In his recent interview with Der Spiegel, Ghani has once again accused Pakistan of facilitating the Taliban to have a significant role in the future Afghan power structure. To back his claim, Ghani named the Taliban’s decision-making bodies in Pakistan, such as the Quetta Shura, Miramshah Shura and the Peshawar Shura. The Afghan National Security Adviser, Hamdullah Mohib, in his address to an event shared by the official Twitter account of his office, also read a charge-sheet of Pakistan’s disgruntled citizens — from Peshawar to Balochistan to Karachi — against the state. He alleged that the Pashtuns, Baloch, and Mohajirs are struggling for their identity in Pakistan.

This mindset of mistrust at this juncture — when the US is preparing to pull out, the Taliban are in conversation with the Ashraf-led National Unity Government, and the Pakistani government is trying to extricate an arrangement whereby political stability is ensured to end the war racket — is unfortunate and divorced from reality.

The Afghan government should examine Pakistan’s intention and strategy towards Afghanistan with an impartial mind.

Apparently, it looks that the Pakistani military is working on two fronts: one to stem the possibility of Afghanistan falling into another spiral of civil war for which the US might be expected to keep its presence in some form or the other in the region.
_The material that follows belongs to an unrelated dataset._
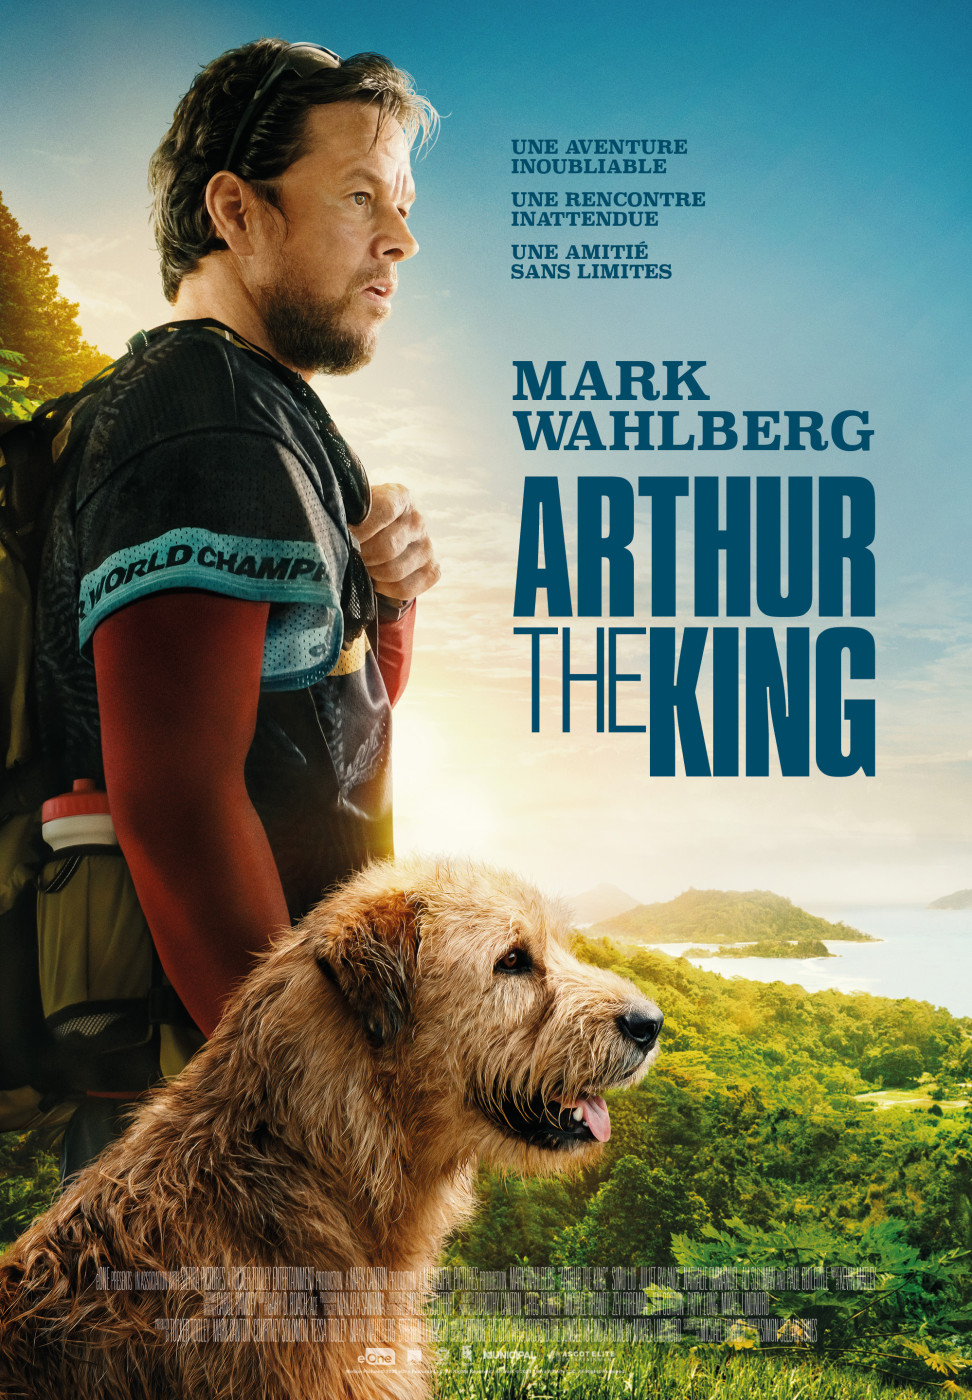 Arthur the King Artwork chf 01 F 1 Sheet 705x1015 4f

Though the talks in Geneva between the US and Pakistani national security experts are still unknown, the speculation is that it would amount to addressing mistrust and delinking Pakistan from Afghanistan’s post-war future. Two, to prevent the Taliban from assuming complete control for which a political settlement among all the Afghan forces is imperative.

It is about time for the Afghan leadership to become the architect of its governments. The first step in this direction would be to stop nagging.

Published in The Express Tribune, May 27th, 2021.